Ox Eye, I have no problem with you, just with ethanol and the problems it causes. Like you, I don't like pouring booze in my engines. I see it more as a political mess, not just a business mess. And yes, I will buy from those companies going the extra mile. For me, Browder's is most convenient. I have zero connection with them, and if Cape Royale and Wolf Creek handle non ethanol and they were the most convenient, I would buy from them.
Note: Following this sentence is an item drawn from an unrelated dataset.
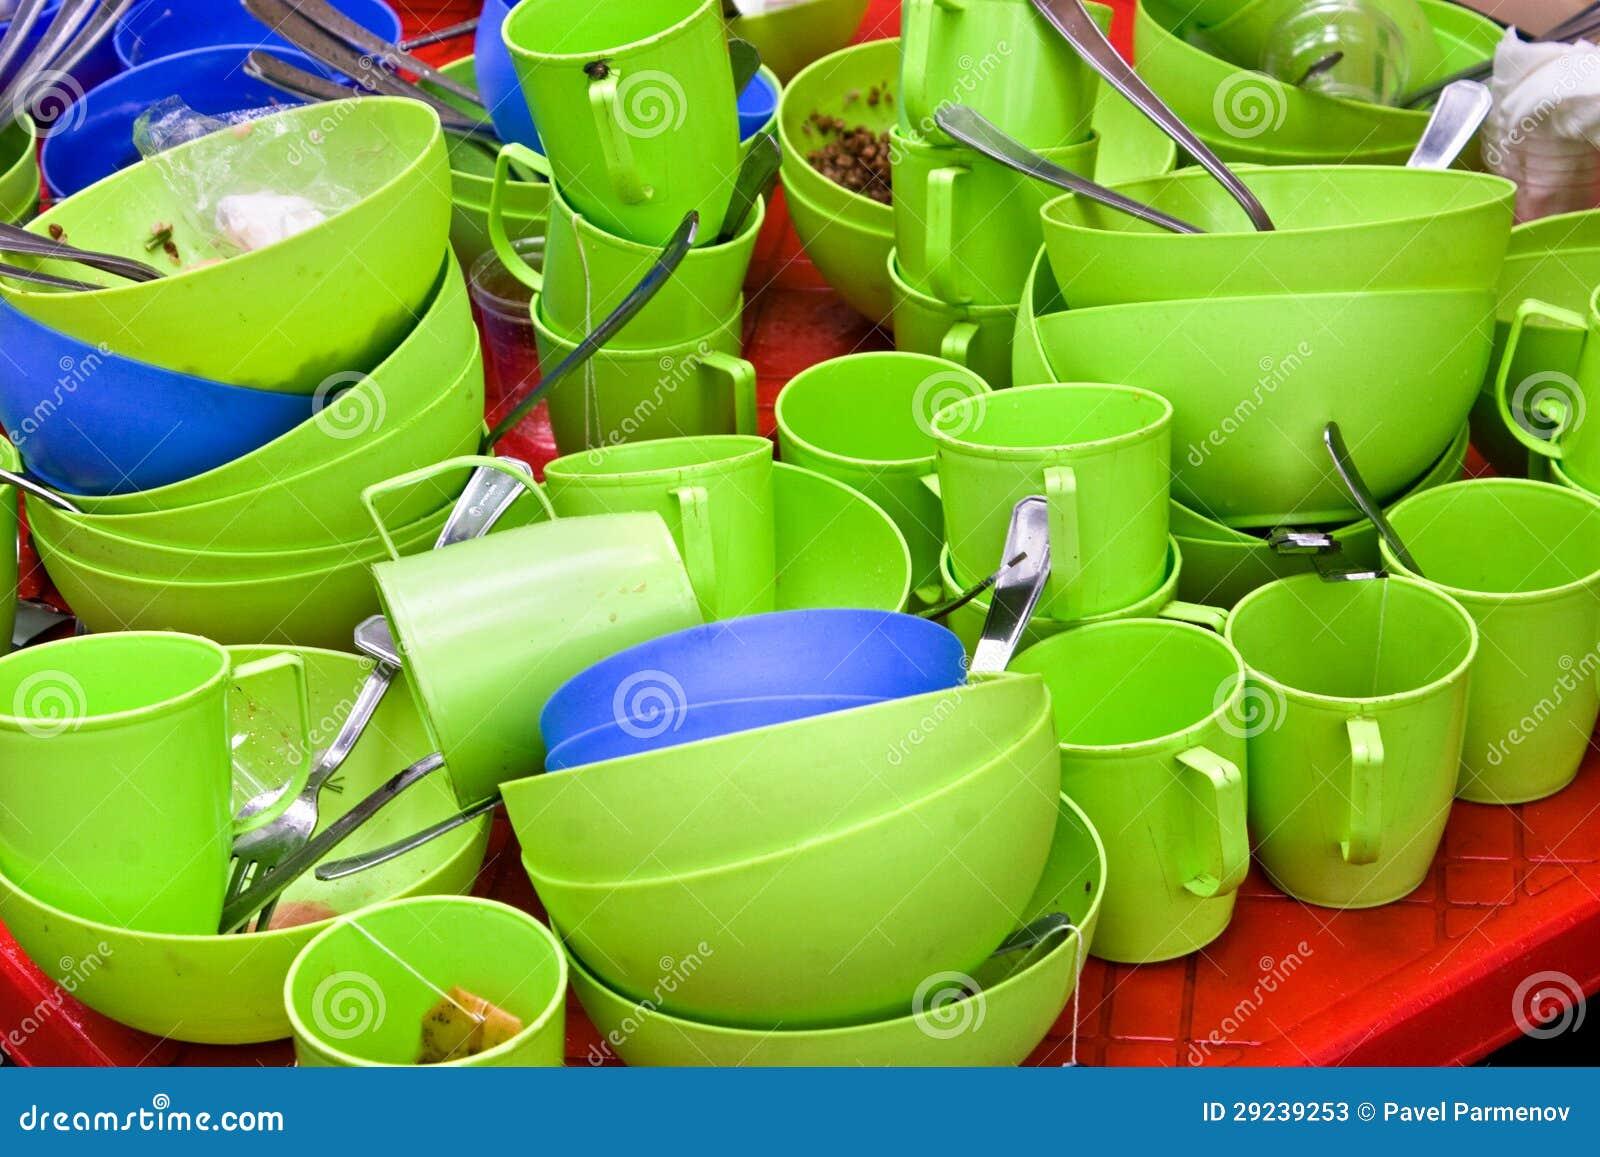 Download Utensílios de mesa sujos imagem de stock. Imagem de cozinha - 29239253

Supporting the businesses that carry it is all I know to do.

I find this part of your write up most interesting:
_Now, of course, that information begs the broader question of the circumstances involved where Louisiana can not only adequately supply its own 300+ businesses but the bulk of Texas businesses, as well, while Texas can't seem to manage supplies for way less than a third if the businesses Louisiana can handle._

_For over a year I have been asking why Texas has so fewer ethanol-free providers than all __those other states__. This recent information, I think, makes the answer all the more imperative. _

_How can anyone not be even the least bit curious?_

I do appreciate your efforts, sincerely. Maybe you started something, there are 3 suppliers on the south or east side of Lake Livingston now.


----------



## Ox Eye (Dec 17, 2007)

Whitebassfisher said:


> Ox Eye, I have no problem with you ...


Not sure what prompted that. I greatly appreciate you cluing me into Browders. It saved me several hours of driving time going to Louisiana.

I readily admit being very passionate about the non-ethanol issue and it could be some of my zeal bled through my comments to you, causing you to think I was being contentious. I was not! Were we to ever meet, I would gladly shake your hand and, quite possibly, hug your neck.











Whitebassfisher said:


> I find this part of your write up most interesting:
> _Now, of course, that information begs the broader question of the circumstances involved where Louisiana can not only adequately supply its own 300+ businesses but the bulk of Texas businesses, as well, while Texas can't seem to manage supplies for way less than a third if the businesses Louisiana can handle._
> 
> _For over a year I have been asking why Texas has so fewer ethanol-free providers than all __those other states__. This recent information, I think, makes the answer all the more imperative. _
> ...


It's certainly welcome news, but I don't think I deserve any credit for it. It does point out the fact that there is a market out there for non ethanol. And that makes the answer all the more important.

Any chance I could enlist you in the quest?


----------



## Whitebassfisher (May 4, 2007)

No problems, we are both on the same side.
I feel certain that the ethanol is blended at the distribution terminals, not at the refineries. For some reason, LOL, the pipeline owners don't want ethanol in their pipes, and don't allow it. I can't imagine why.


----------



## Ox Eye (Dec 17, 2007)

Whitebassfisher said:


> No problems, we are both on the same side.


PM sent.


----------